The easiest way to find the critical values is to use your textbook. At
the bottom of the z-table in the lower right hand corner of your inside
front cover, there are common critical values.

However, if you would like to use Minitab to look up the critical value,
you can do the following.

- Choose Calc / Probability Distributions / Normal
- Select Inverse cumulative probability
- The input constant is the area to the left of the critical value. Since
the confidence level is 95%, there is 5% split between the two tails. That
makes 2.5% in each tail. The area to the left of the left critical value is
2.5%, which is entered as the decimal 0.025.
- Click OK

If you want the critical value on the right side, you can use the
symmetry involved and just make the critical value you found above positive.
Another way to find the critical value on the right directly is to repeat
the steps above, but since there is 2.5% to the right of the right critical
value, there is 97.5% to the left.

## Finding the Confidence Interval (Question 9)

One purpose of this activity is to practice finding a confidence interval
by hand, but you can use Minitab to check your results.

- Go to Stat / Basic Statistics / 1 Proportion
- Click the Summarized Data radio button
- Enter the number of trials (n) and successes (x). Note, Minitab calls
successes "events".
- Click Options
- The confidence level is 95%.
- The test proportion is the 35% (written as 0.35) that was claimed. This
really isn't necessary for finding the confidence interval, though.
- Check to make sure the alternative hypothesis is "Not
Equal"
- Always check the box to base the test and interval on the normal
distribution (note that Minitab may complain about a small sample size, but
we're not getting into non-parametric hypothesis testing at this point, so
we're going to force the normal approximation).

- Click OK

You should get some output that looks like this.

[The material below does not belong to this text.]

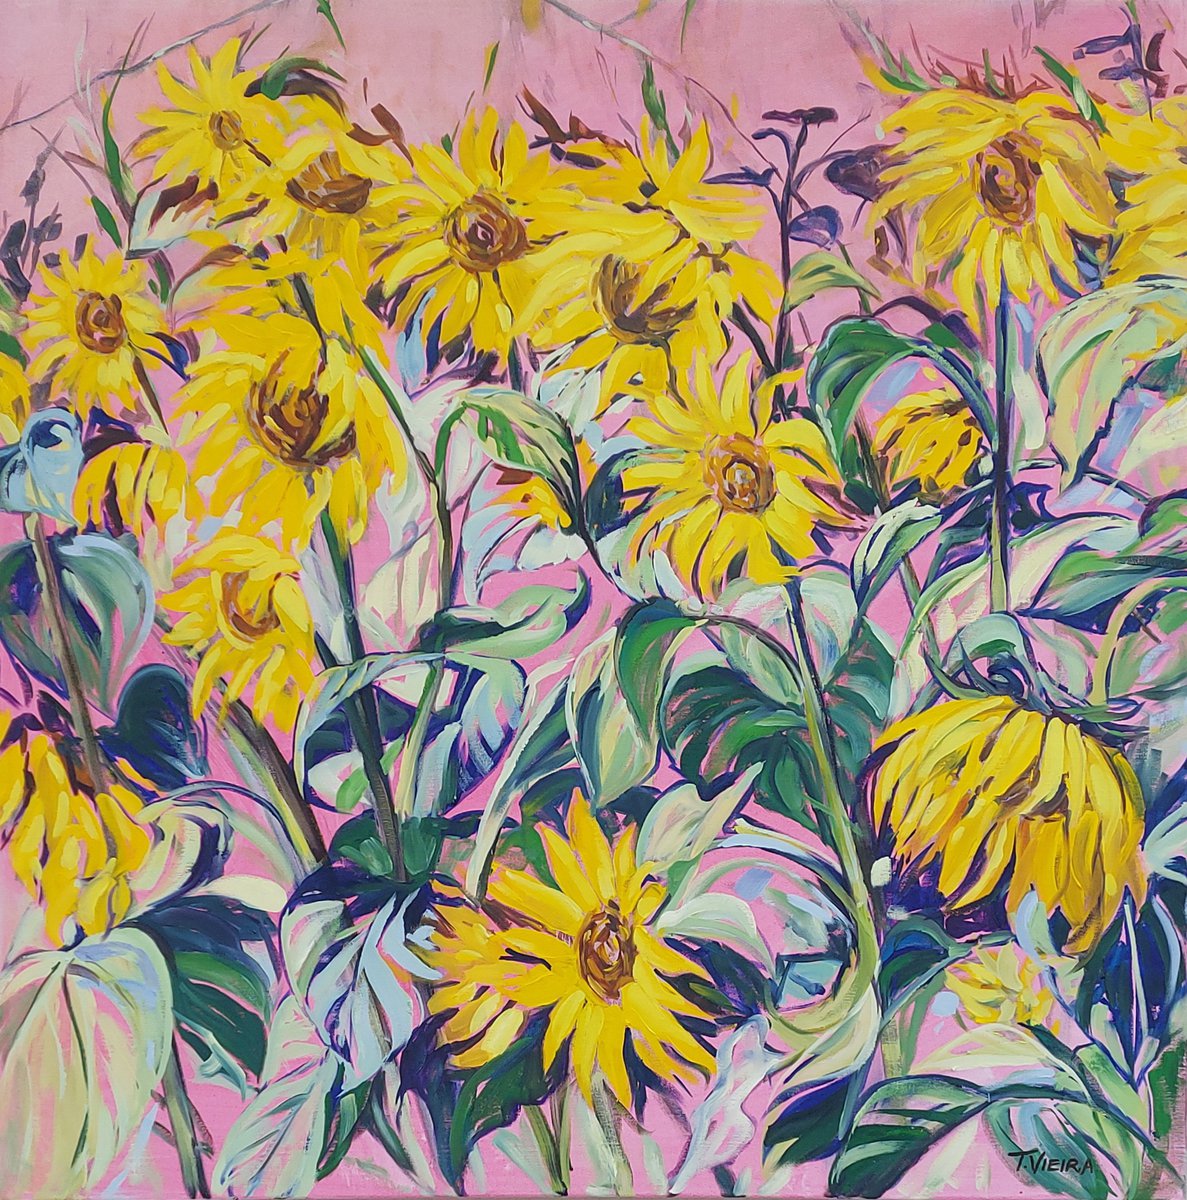 Fields of Sunflowers by Tamara Vieira

Sample X N Sample p 95% CI Z-Value P-Value
1 12 50 0.240000 (0.121621, 0.358379) -1.63 0.103

The 95% Confidence Interval would be 0.121621 < p < 0.358379.

## Finding the Areas (Question 14)

You can do this with the normal table in the book as well.

- Choose Calc / Probability Distributions / Normal
- Select Cumulative probability
- The input constant is the test statistic
- Click OK

The value returned by Minitab is the area to the left of the test
statistic. You will need to take that value from 1 to find the area to the
right. You will then take the smaller area and double it to find the
p-value.